Fig. 3. Detail of mucospheres constructed by Prorocentrum cf. balticum cells to aid prey capture.

Fig. 3

ad Three-dimensional structure of the mucospheres with a Z-stack sequence from the (1) bottom, (2) middle and (3) top, with  a mucosphere constructed in the absence of prey (axenic culture) (a), a mucosphere with captured prokaryotes (b), the same mucosphere as in b visualised with the fluorescent stain SYBR green (c), and a mucosphere with captured eukaryotic prey (R. salina) (d). e Chemotactic response (as Chemotactic Index (Ic)) of prokaryotic prey (microbiome present in the xenic P. cf. balticum culture) and eukaryotic prey (R. salina) to mucosphere derived chemicals.
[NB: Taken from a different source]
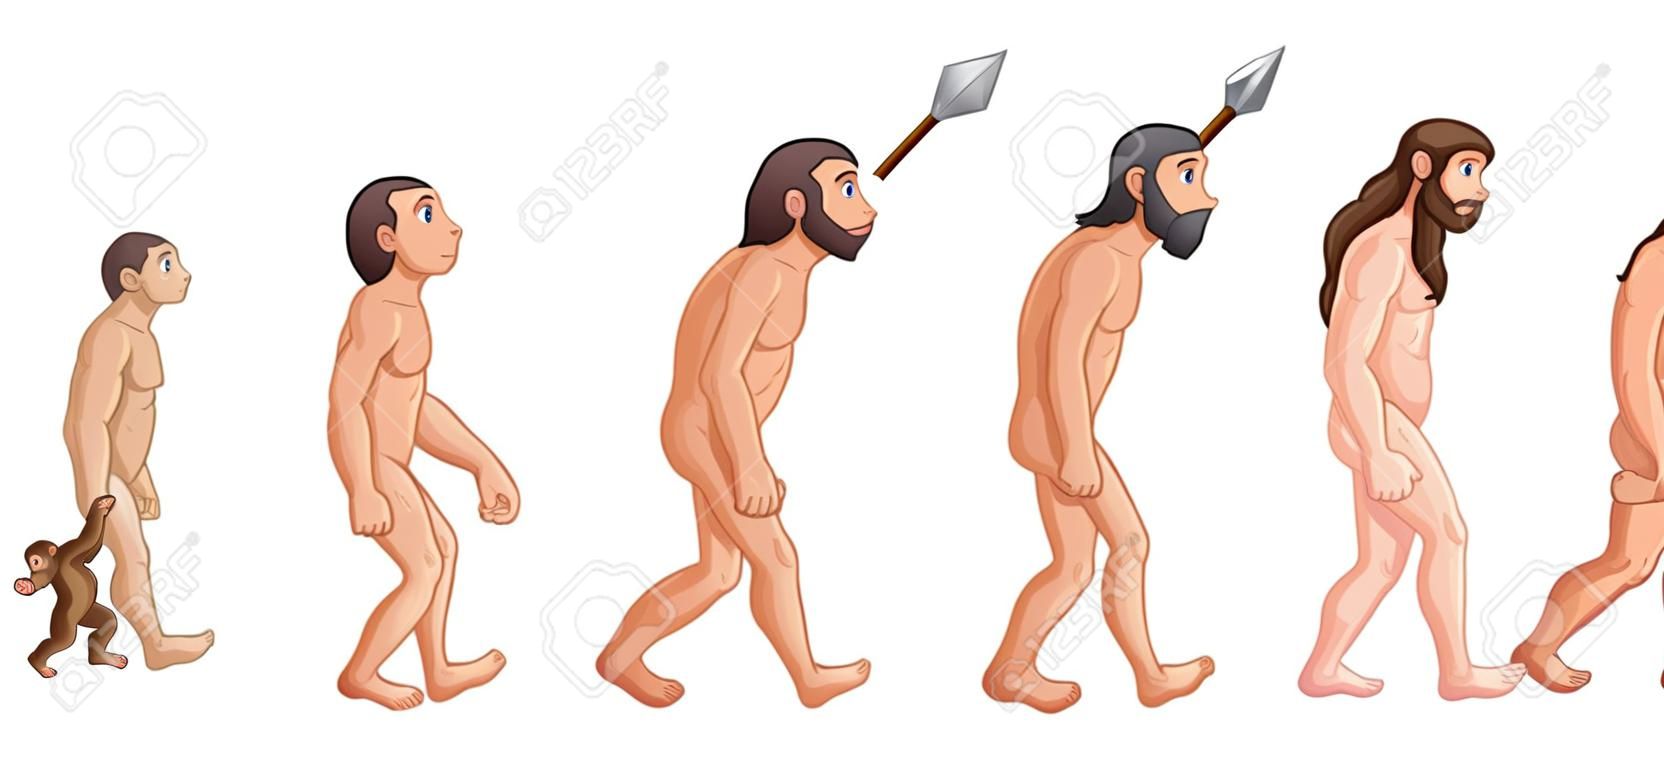 Vector illustration of Cartoon human evolution

Mean ± standard error (n = 5 biologically independent samples). Mucosphere-derived chemicals attracted significantly (*) more prokaryotic and eukaryotic prey than culture filtrate controls (two-sided t-test, p = 9.27e−04 for prokaryotic and p = 4.07e−05 for eukaryotic prey). f Cumulative mucosphere production in conditions with different resource availability observed at 0, 4, and 8 h after illumination (14:10 light:dark cycle) over two days. The calculated values include when a single P. cf. balticum cell produced multiple mucospheres. Mean ± standard error (n = 26 cells; Kruskal–Wallis test, p = 4.06e−12). Images ad were taken with an Inverted Fluorescence Microscope (Nikon Eclipse Ti), fitted with a Nikon FITC 480/30 nm ex 535/45 nm em filter and a monochrome camera (Nikon DS-QiMc) under 200× magnification. Scale bars = 50 µm.